- _WHAT YOU SHOULD DO_:
Excluding pictures, what does the listing below contain from the line with "Sheffield weddingSheffield wedding" up to and including the line with "Samut Sakorn fishing", word for word?

═══ DATA LISTING

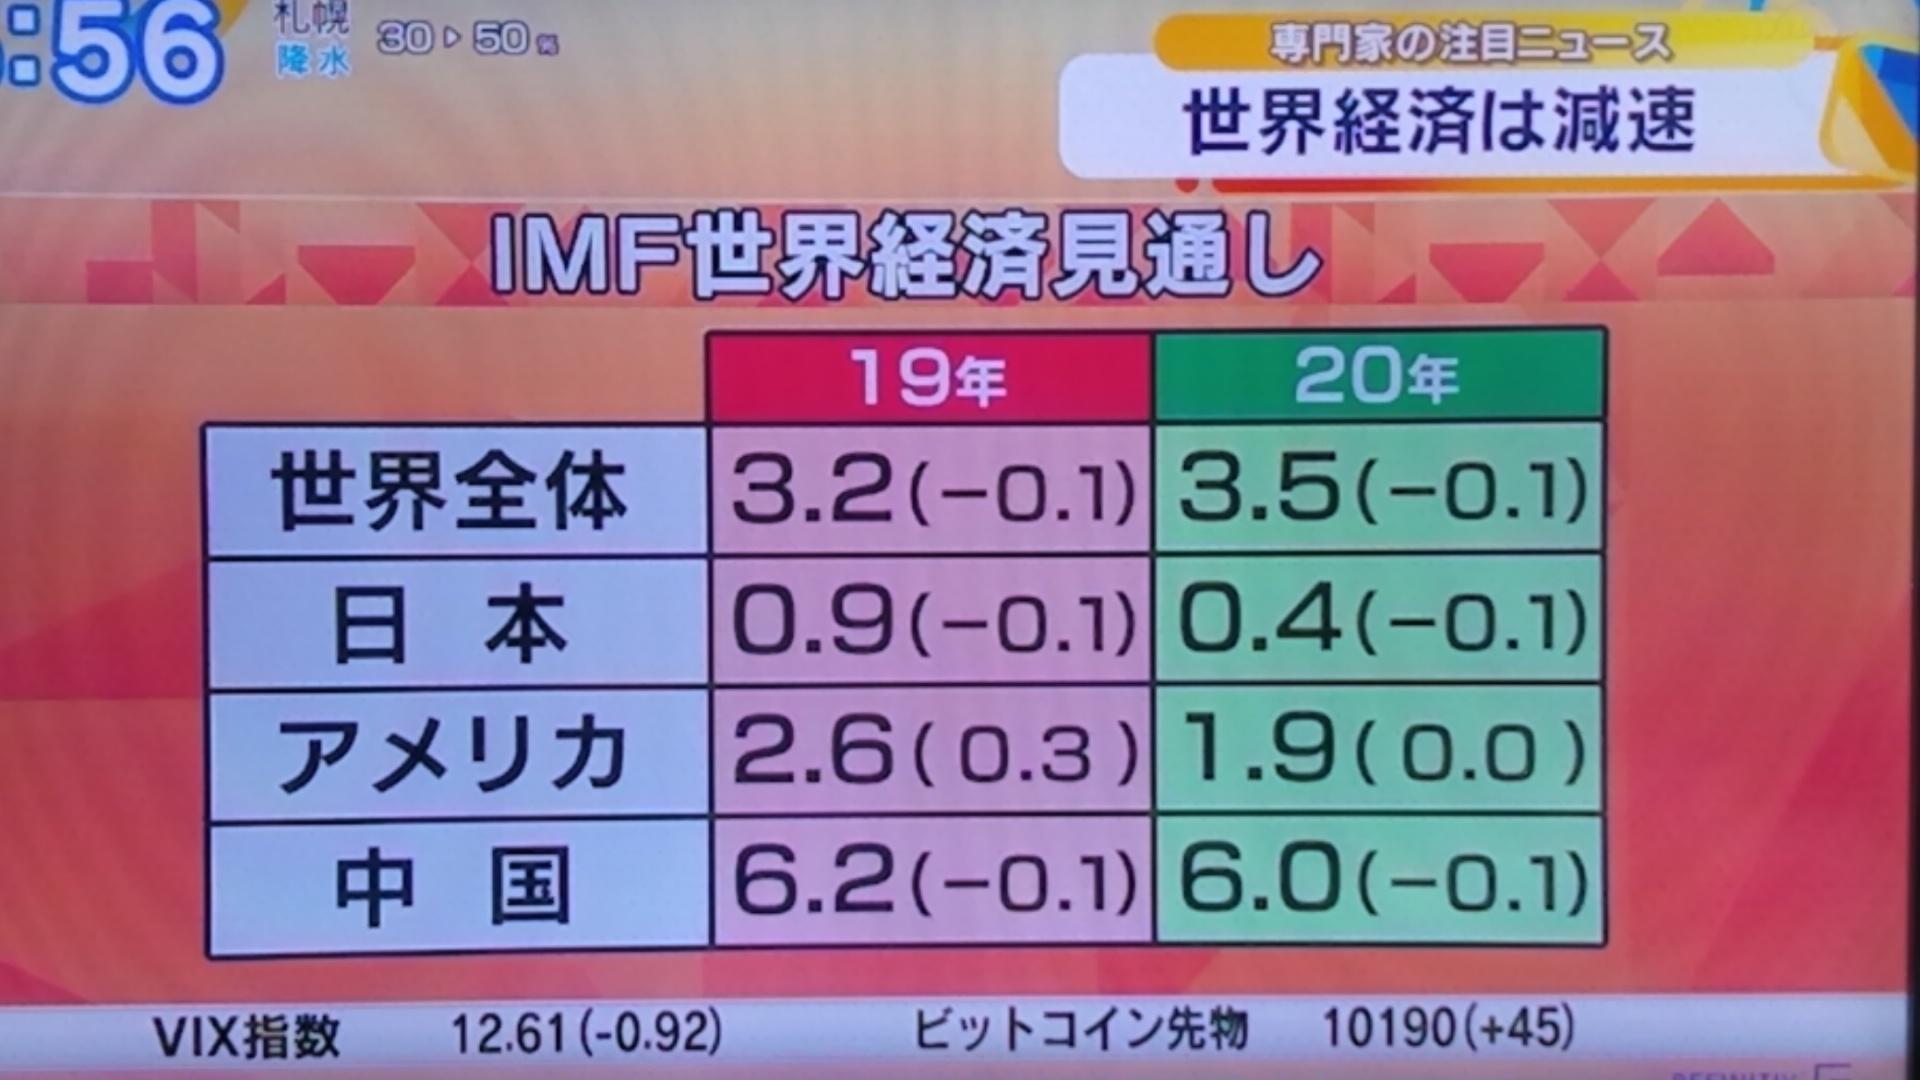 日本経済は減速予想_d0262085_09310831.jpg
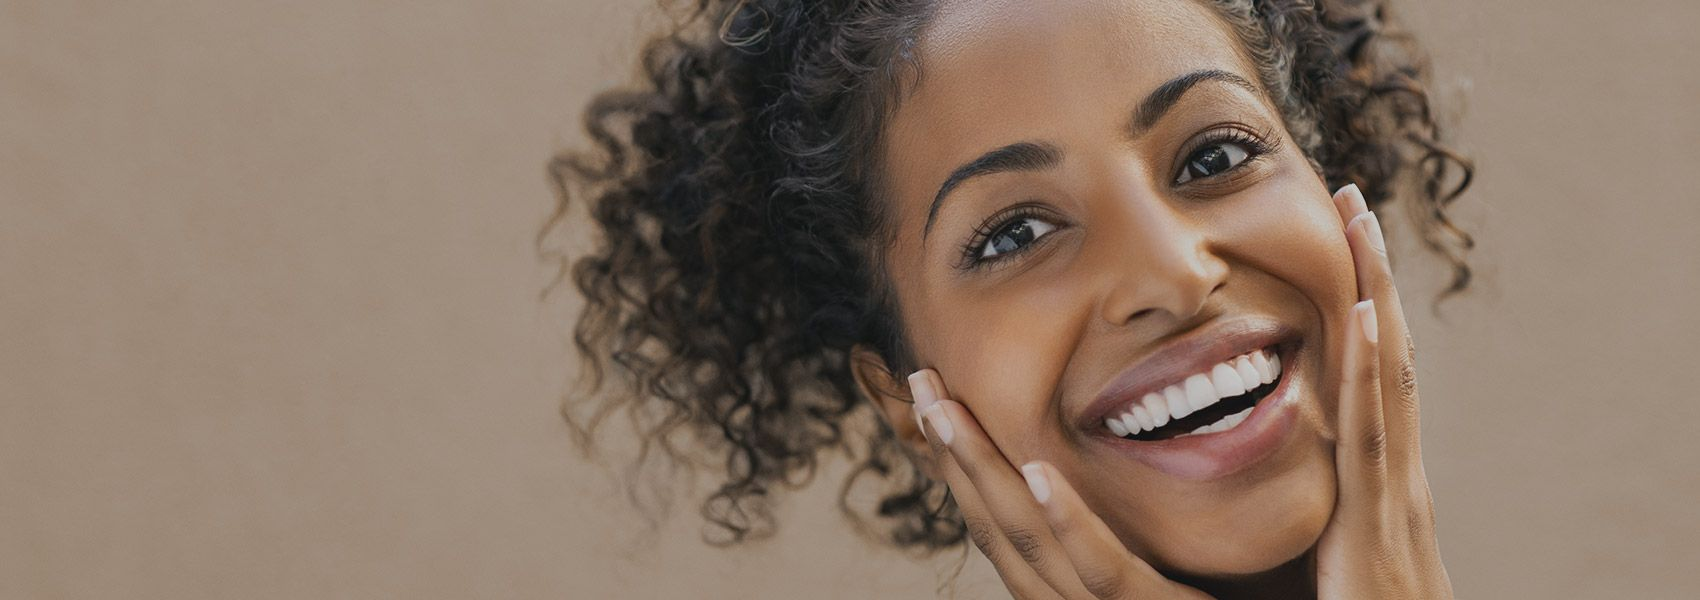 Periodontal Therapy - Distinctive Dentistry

══════
═══ DATA LISTING

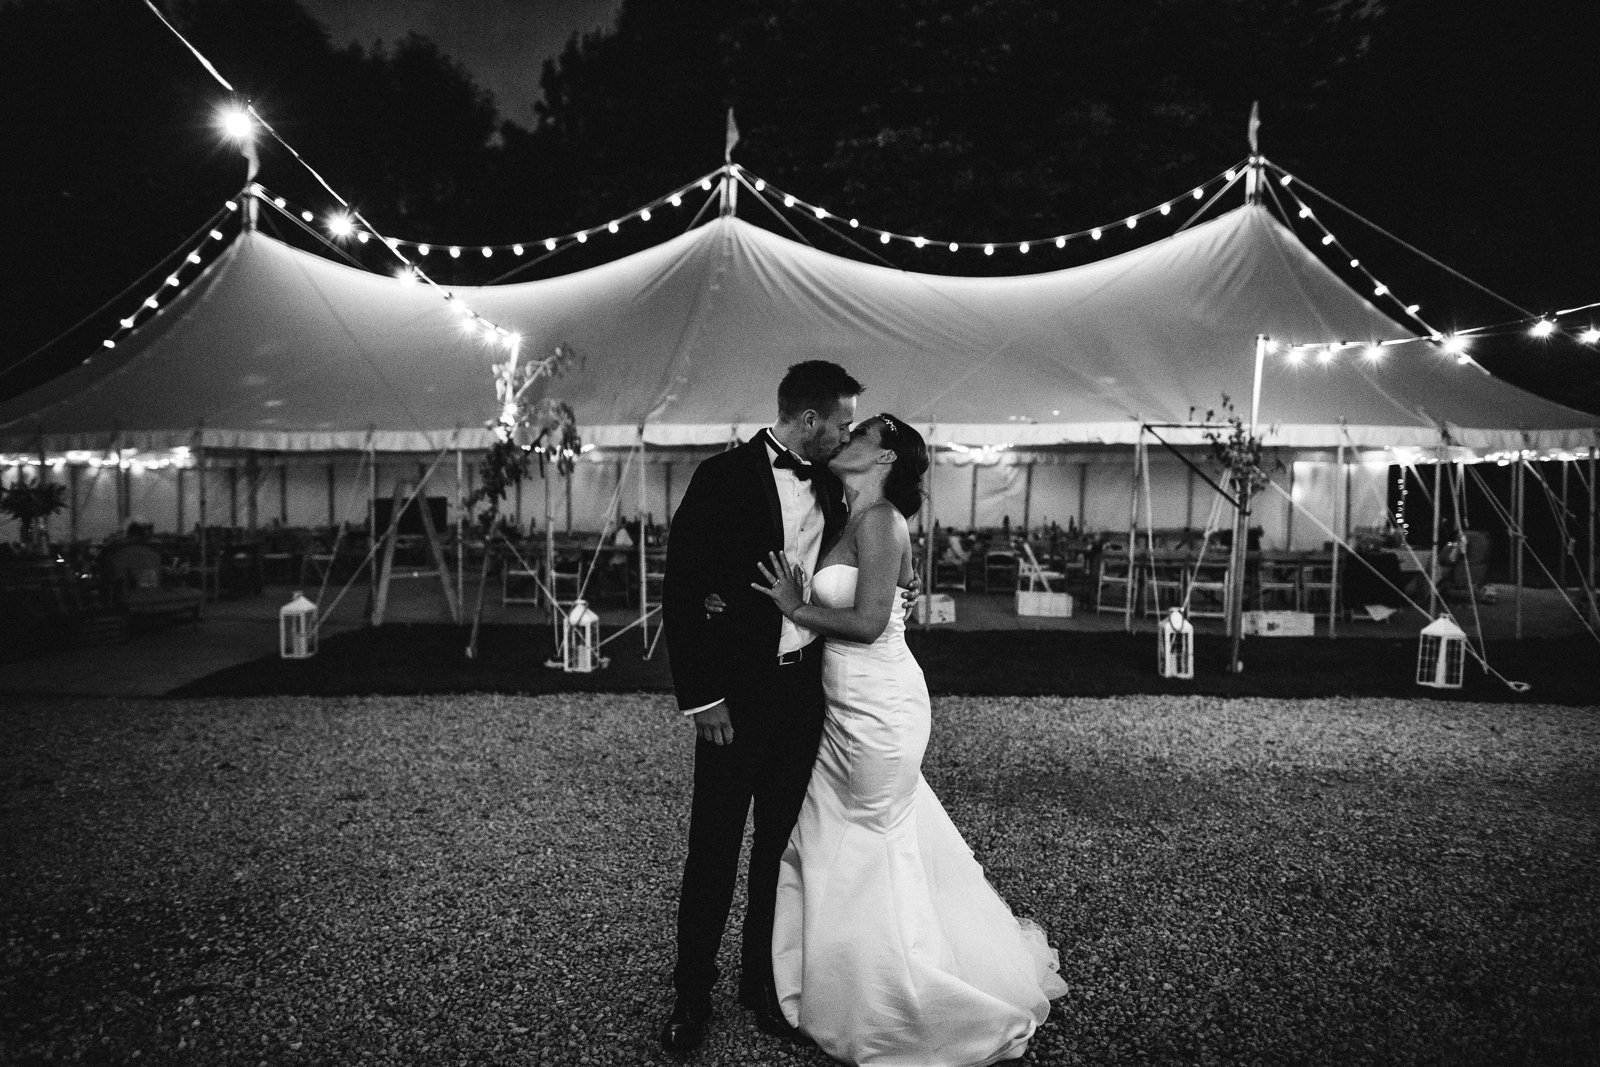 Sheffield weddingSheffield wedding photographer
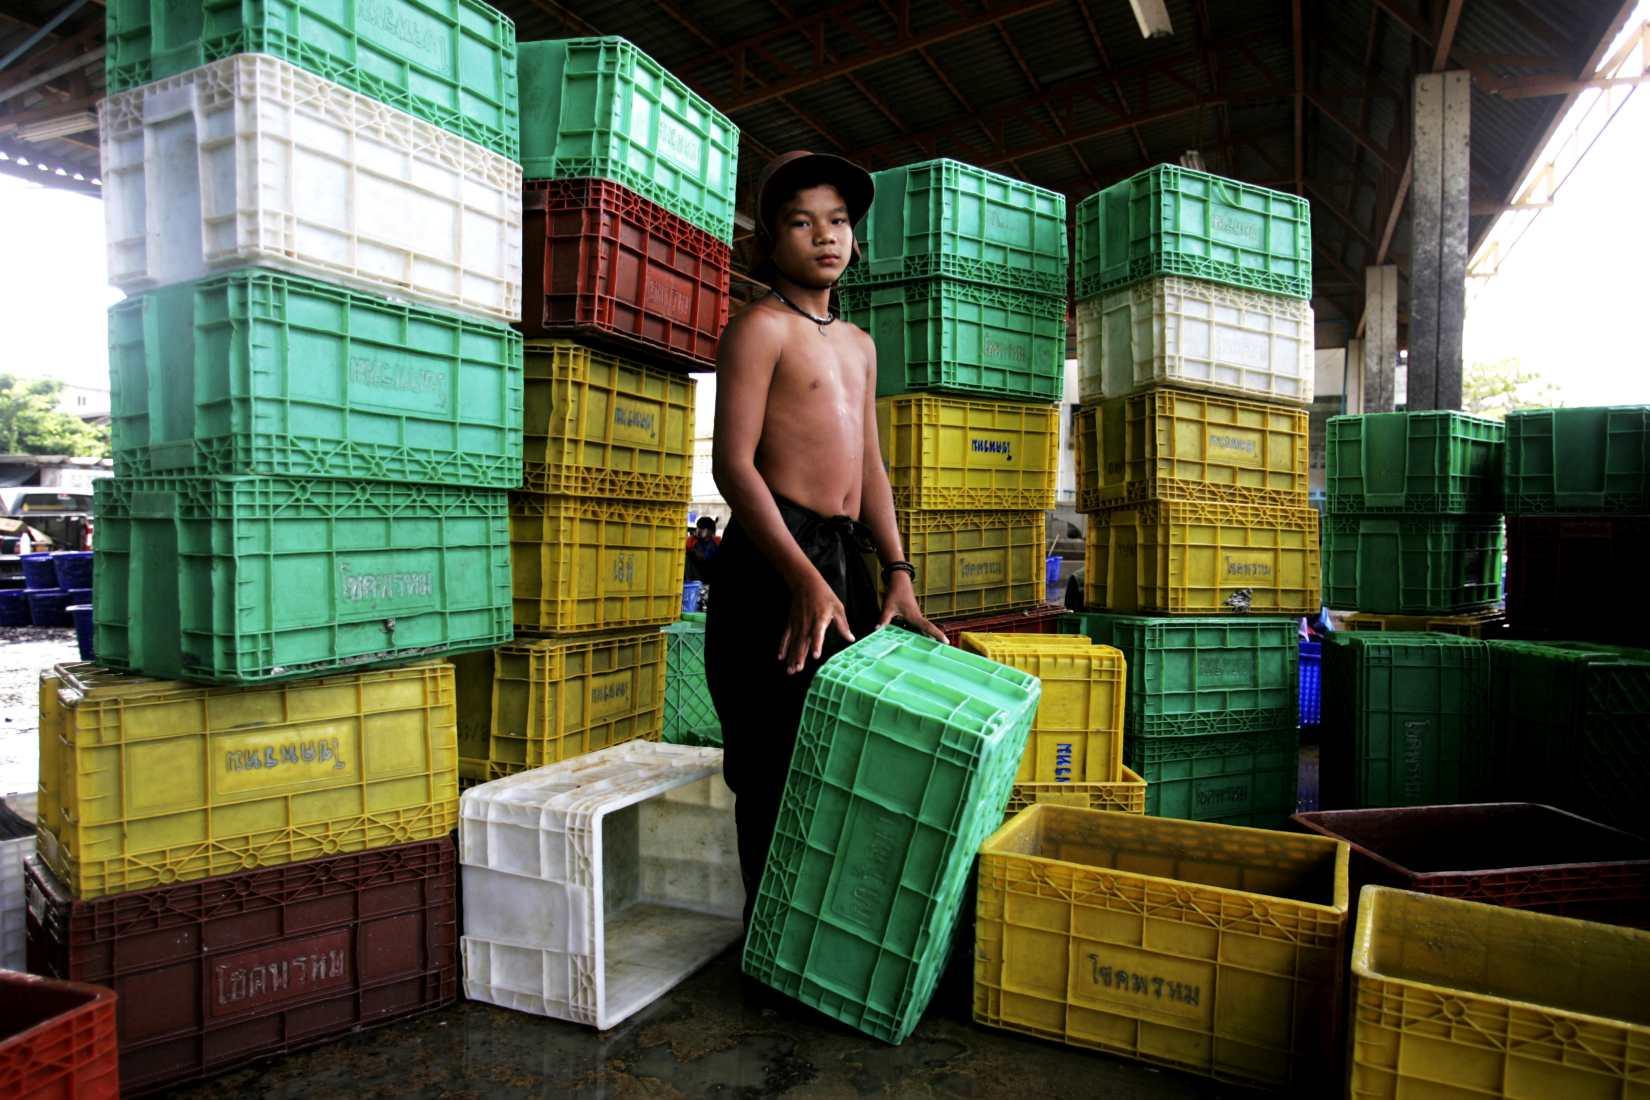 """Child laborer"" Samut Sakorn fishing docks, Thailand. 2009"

══════
═══ DATA LISTING

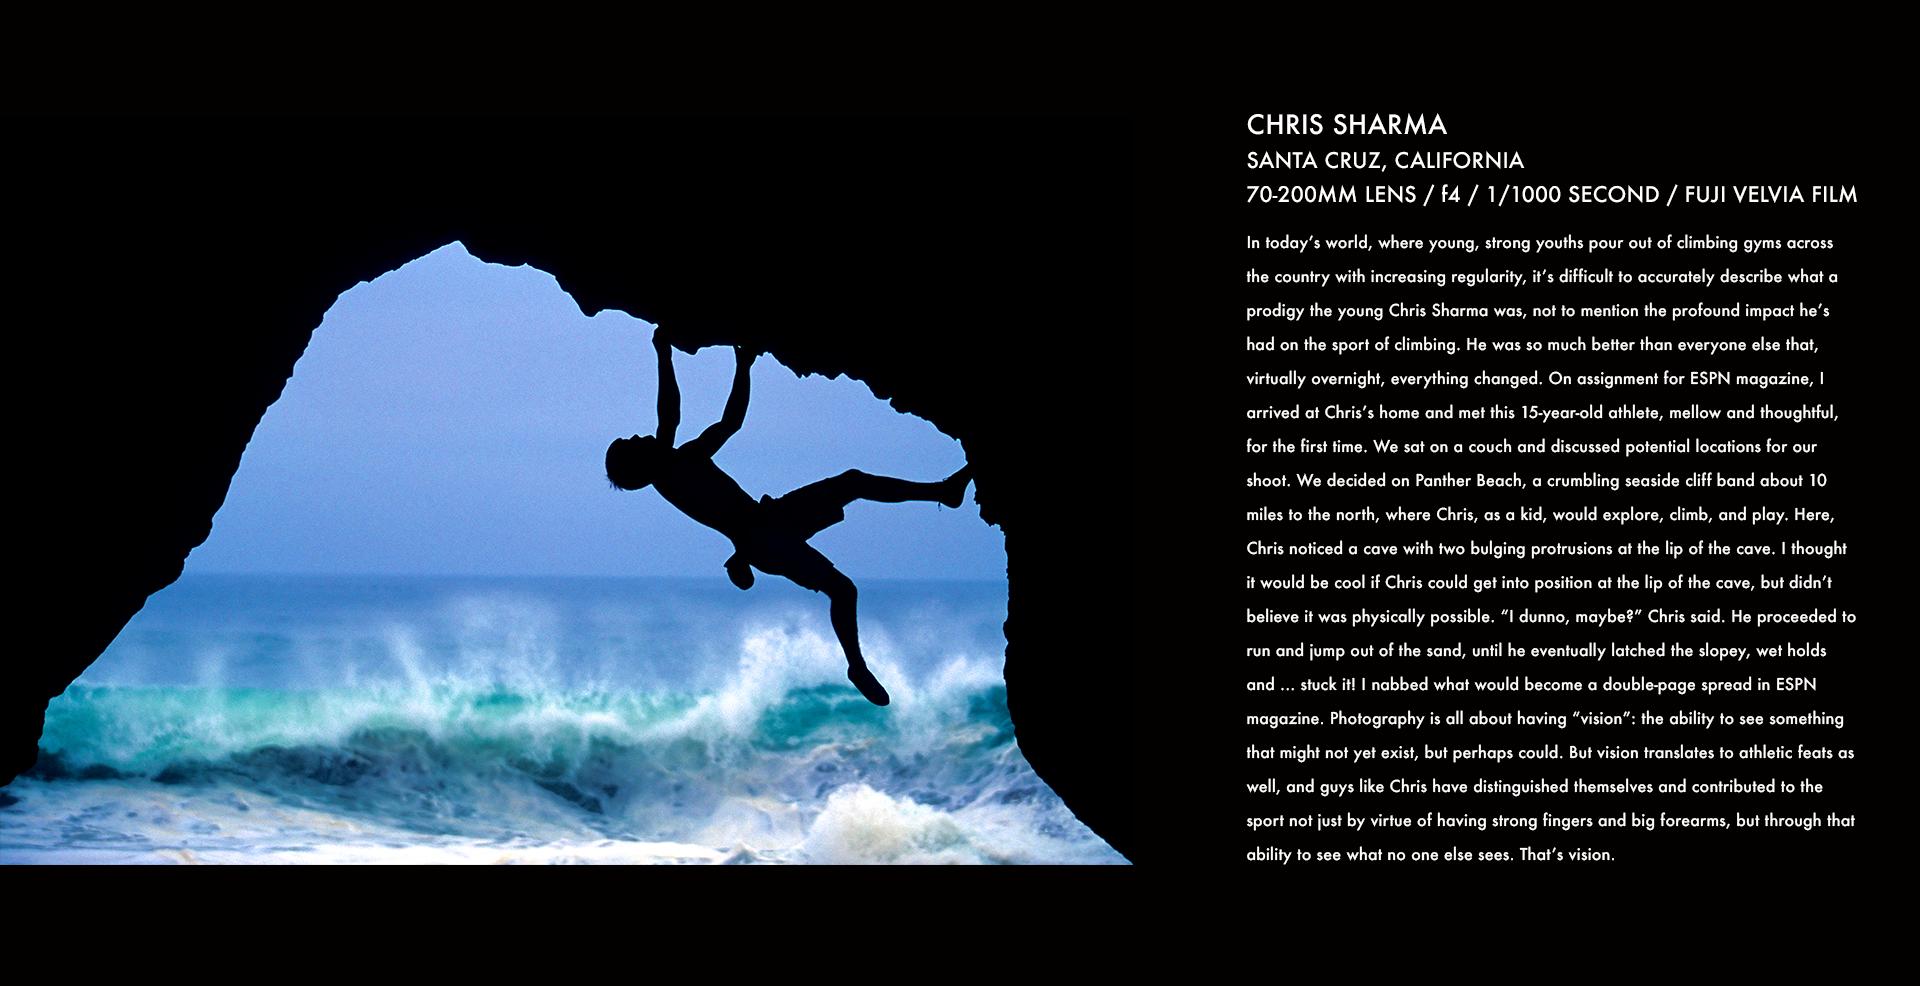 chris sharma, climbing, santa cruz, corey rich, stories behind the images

══════

- _RESULT BELOW_:
 Sheffield weddingSheffield wedding photographer
 """Child laborer"" Samut Sakorn fishing docks, Thailand. 2009"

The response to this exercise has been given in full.